Now, fans can uncover more about his career through The Book Of HOV exhibit at the Brooklyn Public Library. Variety magazine said the 40,000-square-foot exhibit provides a deep dive into Jay-Z’s life and career through seven themed “zones” that explore his influence on music, culture, business, and social justice. With a curated collection of recordings, clothing, artifacts, audio tours, and videos, this homage to Jay-Z is a must-visit for fans and enthusiasts. 

According to Hot New Hip Hop website, the installation presented by Roc Nation has already made waves online before its launch on July 14. “The Brooklyn Library put Jay-Z’s lyrics on display outside of the building to formally announce the exhibit. On the opening night, his wife, Beyonce, and their daughter, Blue Ivy, were in attendance. Additionally, Rakim, Questlove, Lil Uzi Vert, Fat Joe, and more came to show support.”

According to the exhibit’s website, the Book Of HOV is a tribute exhibition at the Brooklyn Public Library, Central Branch, recognizing Shawn “JAY-Z” Carter’s extraordinary journey from Brooklyn’s Marcy Projects to a global figure.

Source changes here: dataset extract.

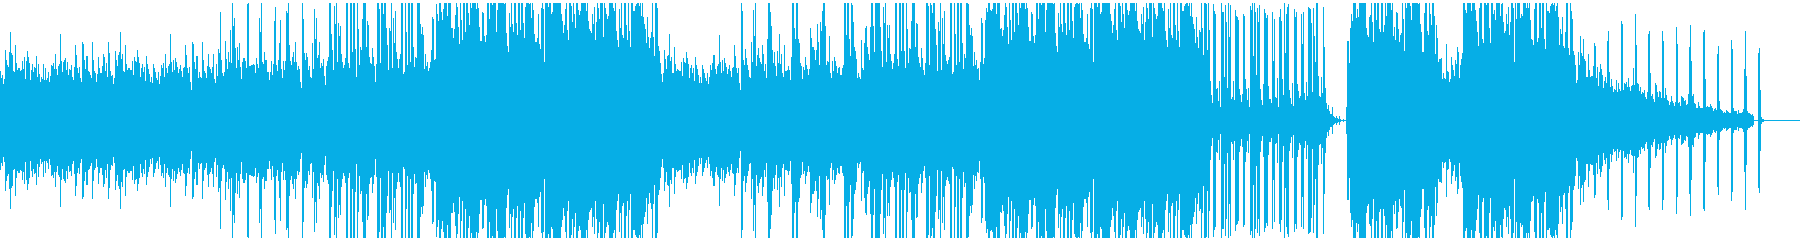 ピアノが切ないヒップホップ調BGMの再生済みの波形

The multimedia exhibit explores JAY-Z’s global impact as a musician, innovator, entrepreneur, and philanthropist.

The exhibit presents thousands of archived objects, including original recording masters, never-before-seen photos, iconic stage wear, prestigious awards and recognitions, and videos and artifacts from every facet of JAY-Z’s professional life. 

“Our goal, with The Book of HOV tribute exhibition, is to provide a behind-the-scenes look at a Hall of Fame songwriter and performer, successful business person, and a consequential philanthropist who has never forgotten the lessons he learned on the road to success. And the borough where his journey began,” according to the Brooklyn Library.